Arenas--a new Steppenwolf ensemble member--played ABW, an acronym for "A Black Woman." She has no other name, and she never speaks during the 40-minute play, set in 1970 in a Detroit bus station. But with her expressive face she delivers a reactive performance that's a masterpiece of carefully calibrated understatement. The talking role is Ava Gardner Johnson, a flashy hooker on the run from her pimp. He wanted her and a colleague to incorporate dogs into their bedroom act, and though Ava is generally an accommodating sort, she points out to ABW that "animals is different." Ava is leaving on the midnight bus to Georgia, hoping to pick up some big-spending clients at Muhammad Ali's comeback bout against Jerry Quarry. "You sell people what they want, you can always get what you want," she says.

As Ava, Wilkerson delivers rapid-fire proclamations on everything from her namesake (whom she insists was black passing for white) to her pimp: she gradually realizes he wasn't such a good dude. These unfold in a series of blackouts punctuated by projected titles featuring a comic Ava-ism from the next scene. It's highly reminiscent of David Mamet's The Duck Variations, about geezers on a park bench. But there's great tenderness in Ava. Though she seems like the sort of person who never shuts up long enough to notice anyone around her, she figures out a few things about ABW, eventually surmising that this disheveled, sullen woman is on the run from a mental hospital. "They just took all of it, didn't they?" she says. "Every last bit and then they turned you out."

Whether Ava is offering ABW a sandwich or trying to give her an ersatz makeover, Wilkerson is maternal in ways that neither woman in Hospice even approaches.

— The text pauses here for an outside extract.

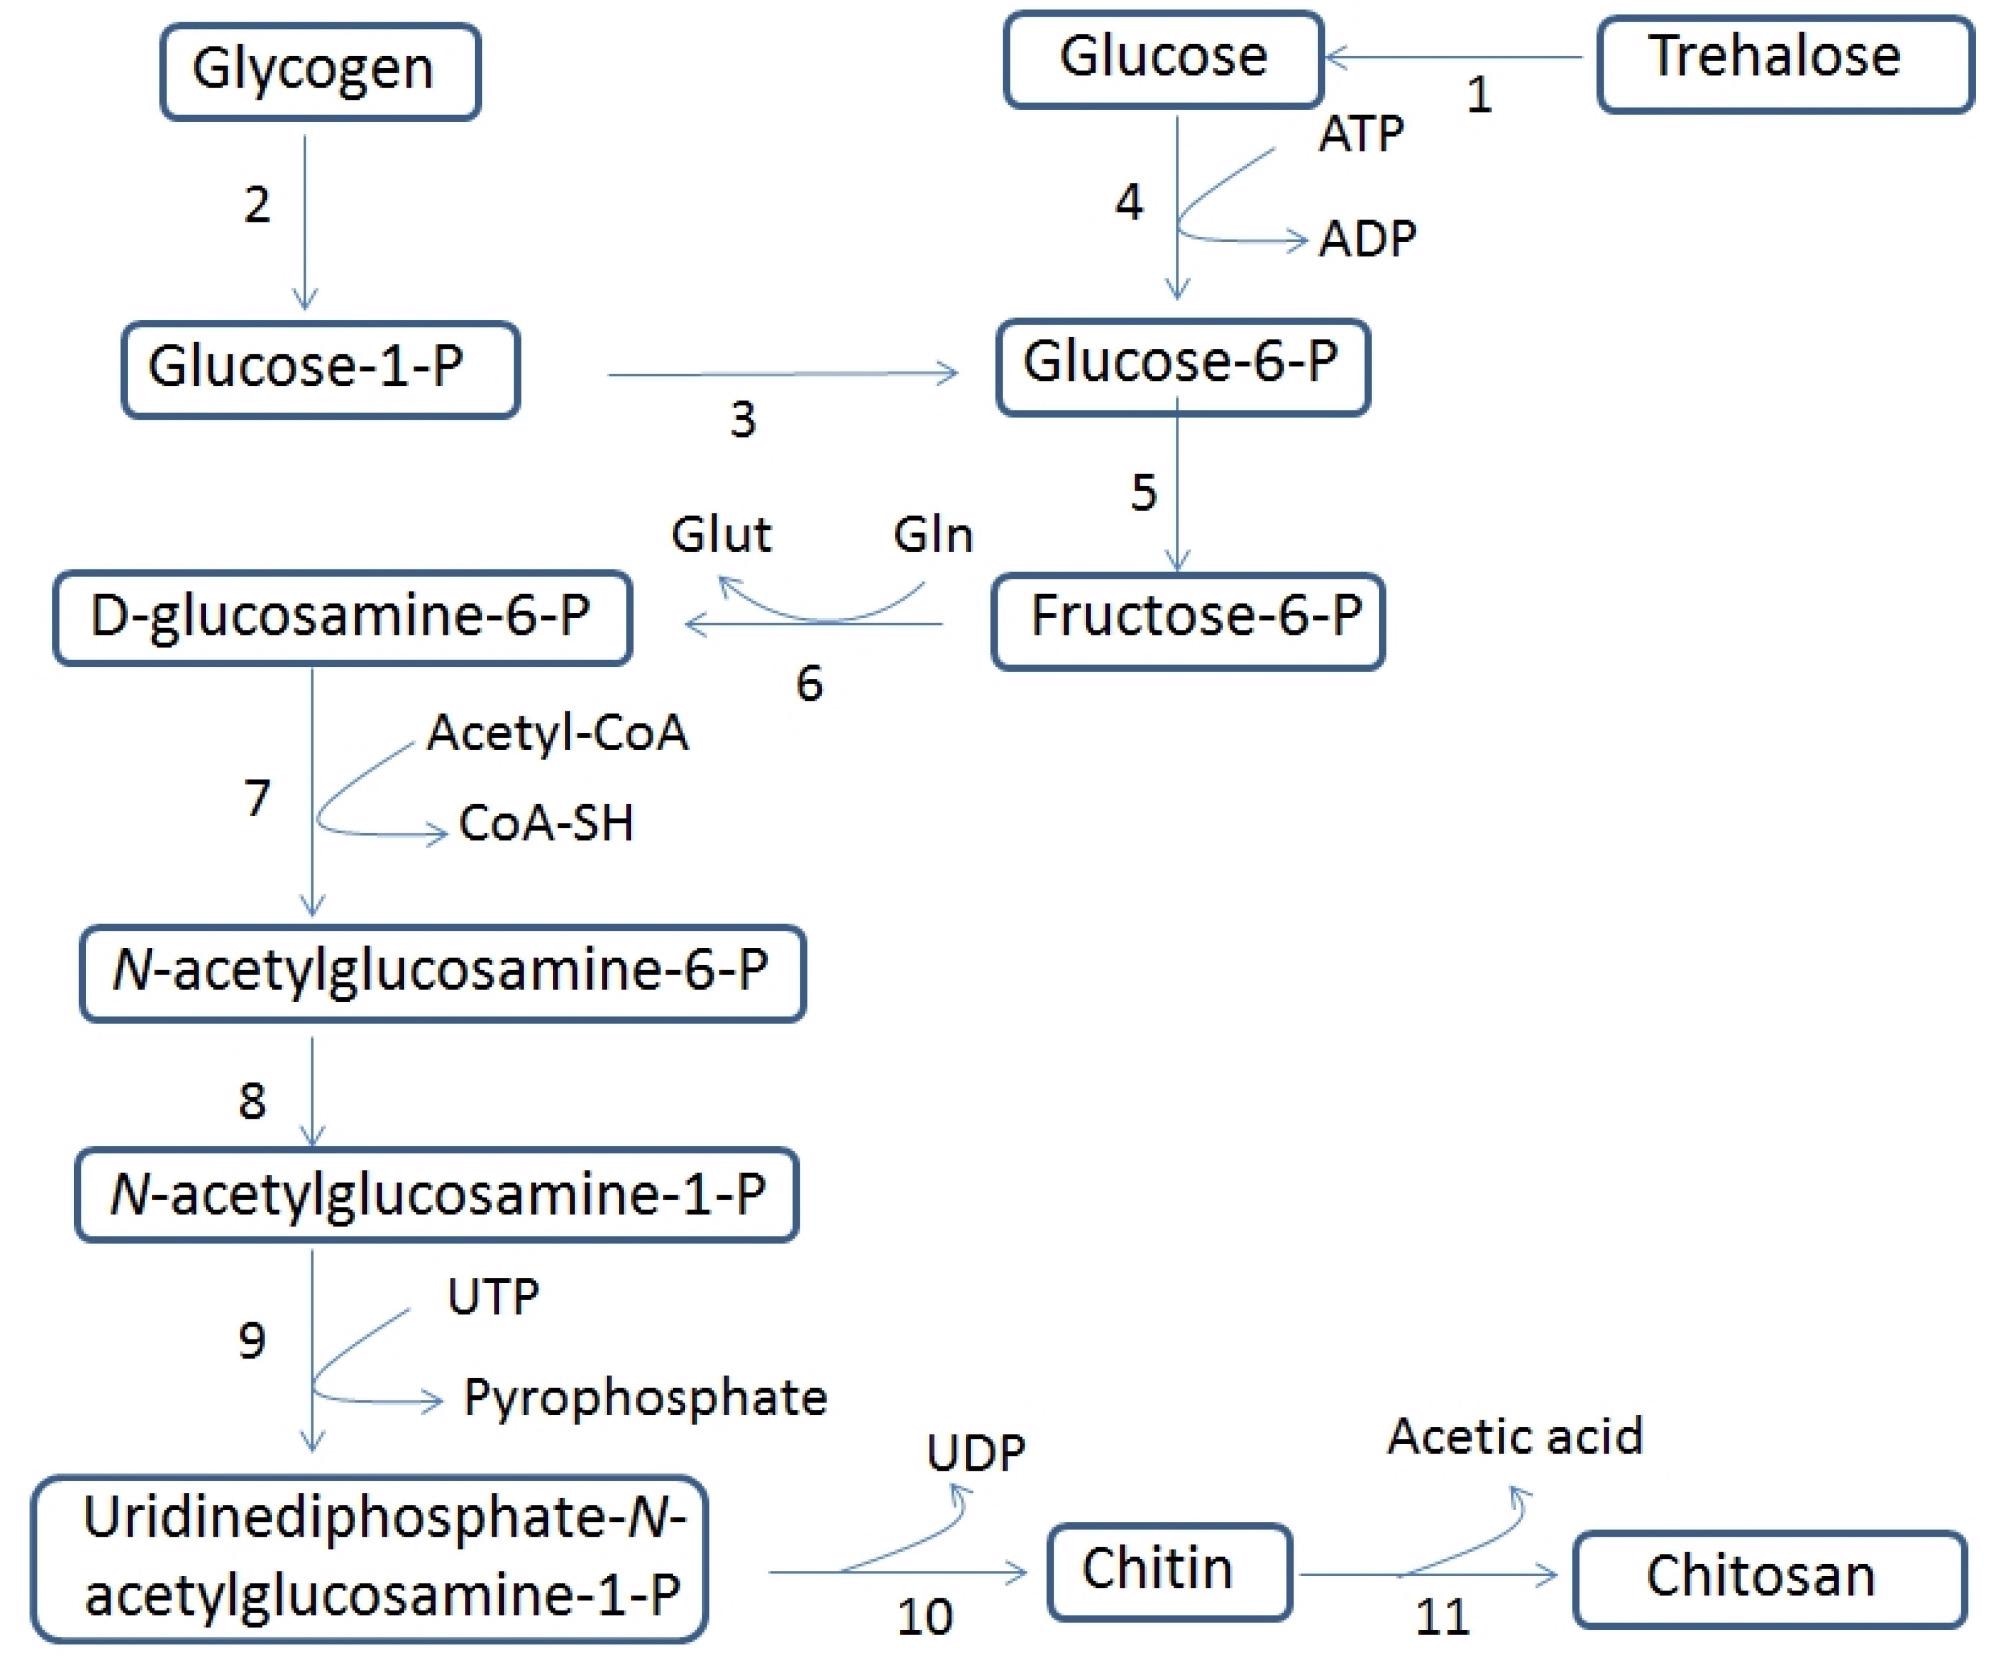 Biosynthetic pathway of chitin and chitosan. The following numbering has been assigned to the enzymes that catalyze each reaction: 1, trehalase; 2, glycogen phosphorylase; 3, phosphoglucomutase; 4, hexokinase; 5, glucose-6-phosphate isomerase; 6, glutamine-fructose-6-phosphate amidotransferase; 7, glucosamine-6-phosphate N-acetyltransferase; 8, N-acetylglucosamine-phosphate mutase; 9, UDP-N-acetylglucosamine pyrophosphorylase; 10, chitin synthase and 11, chitin deacetylase. The abbreviations used are as follows: acetyl CoA, acetyl coenzyme A; ADP, adenosine diphosphate; CoASH, coenzyme A; Gln, L-glutamine; Glu, L-glutamate; UDP, uridine diphosphate; UTP, uridine triphosphate.

Ava simply refuses to take no for an answer: she's going to save ABW, and the other woman has no choice but to go along for the ride. When she and ABW finally head out together for Georgia--a "mecca" as Ava sees it--it's a moment of uncloying sweetness, cleansing the excoriating bitterness of Hospice. Separately these shows are slight gems, but together each makes the other shine more brightly.